Ты считаешь, что мы попали сюда разными путями. Нас выслали, выставили, а ты - сама, добровольно. Но это неверно. Ты заблуждаешься. Тебя тоже выставили, только в другой форме, не так явно.
Эмиграция в большинстве случаев - это высылка, потому что она является следствием причин, которые тебя выталкивают, если не силой, как нас, оказавшихся на этом корабле, то общим потоком неудовлетворенных жизнью, не видящих перспектив, запуганных разного рода войнами, конфликтами. Но какими бы путями ни оказались эмигранты на чужой земле (высланными, бежавшими или уехавшими добровольно), эмиграция - это всегда риск, всегда преодоление, требующее огромных усилий, смелости и дерзости. Это всегда ломка привычных стандартов жизни, к которым привык, адаптация к новому образу жизни, культуре, языку общения.
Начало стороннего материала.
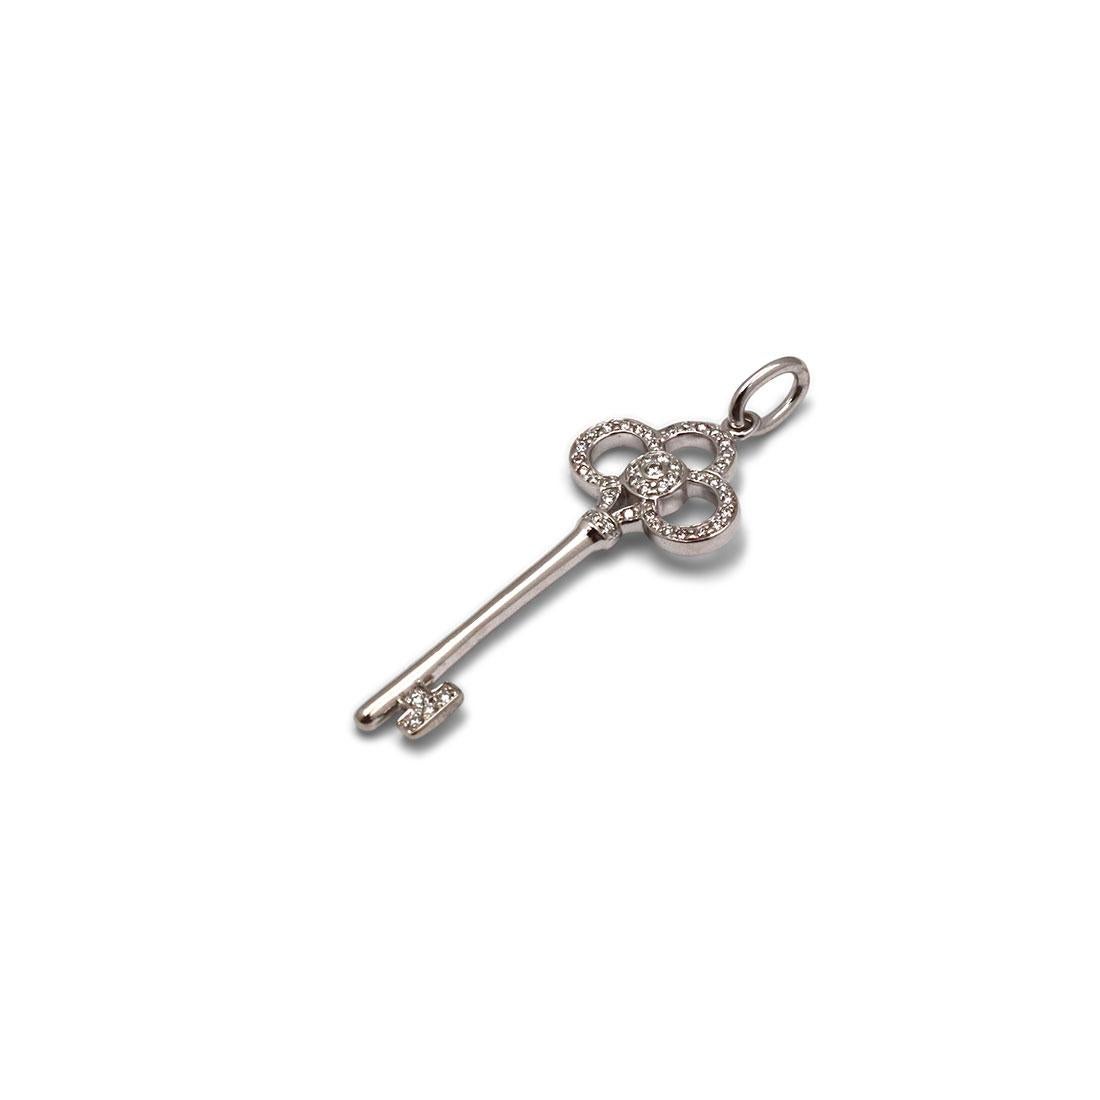 Authentic Tiffany & Co. 'Crown Key' pendant crafted in 18 karat white gold features and set with an estimated 0.13 carats of round brilliant cut diamonds (E-F, VS). This stunning pendant measures 1.5 inches in length. Signed Tiffany & Co., 750. The

Сколько страданий претерпели представители высшего российского общества, его цвет, вытолкнутые большевистским переворотом? А сколько пришлось преодолеть первым американским поселенцам, так называемым пилигримам, которые бежали в Америку от религиозных преследований последователей протестантской религии в Англии, чтобы жить свободно! Около половины из них умерло в первую тяжелую зиму на новой Земле, где они закладывали основы демократического устройства общества.
- Он остановился, повернул голову к морю, которое все более умиротворялось, и, устремив взгляд куда-то вдаль, продолжал тоном философа-мудреца, к которому устремлены взгляды огромной воображаемой толпы слушателей. - Эмиграция - это часто поиск спасения, пути выживания не только в физическом смысле этого слова, но и дерзновенный поиск нравственно-духовного выживания, которое дает свобода... "И... что бы ни случилось в будущем, я знаю теперь три вещи, которые сохраню в голове и сердце навсегда: Жизнь, даже самая тяжелая, - это лучшее сокровище в мире. Следование долгу - другое сокровище, делающее жизнь счастливой и дающее душе силы не изменить своим идеалам. Третья вещь, которую я познал, заключается в том, что жестокость, ненависть и несправедливость не могут и никогда не сумеют создать ничего вечного ни в интеллектуальном, ни в нравственном, ни в материальном отношении..."
Для Инги Сергеевны было очень важно то, что говорит авторитетнейший философ. Он словно отвечал на мучившие ее вопросы. Но сейчас... сейчас она не хотела отвлекать свои эмоции от ощущения блаженства в его объятиях. Сейчас он был для нее только мужчиной, которого она желала как женщина. Она слегка отстранилась, высвободила руку, прижатую к его груди и, выражая взглядом всю жажду любви, нежно прислонила ладонь к его губам. И он, поняв ее... замолк, еще сильнее прижавшись к ее телу, покрывая поцелуями губы, шею, каждую частичку ее лица. Когда его губы коснулись ее глаз, они показались столь горячими, что она сильно зажмурилась...
Х Х Х
ИНГА сильно зажмурила глаза, затем открыла и снова закрыла, чтобы не притупить всю остроту счастья от близости с мужчиной, который, казалось, явился к ней для того, чтобы вознаградить тем, для чего только она, быть может, была создана, но чего недополучила в жизни, - подлинной любовью.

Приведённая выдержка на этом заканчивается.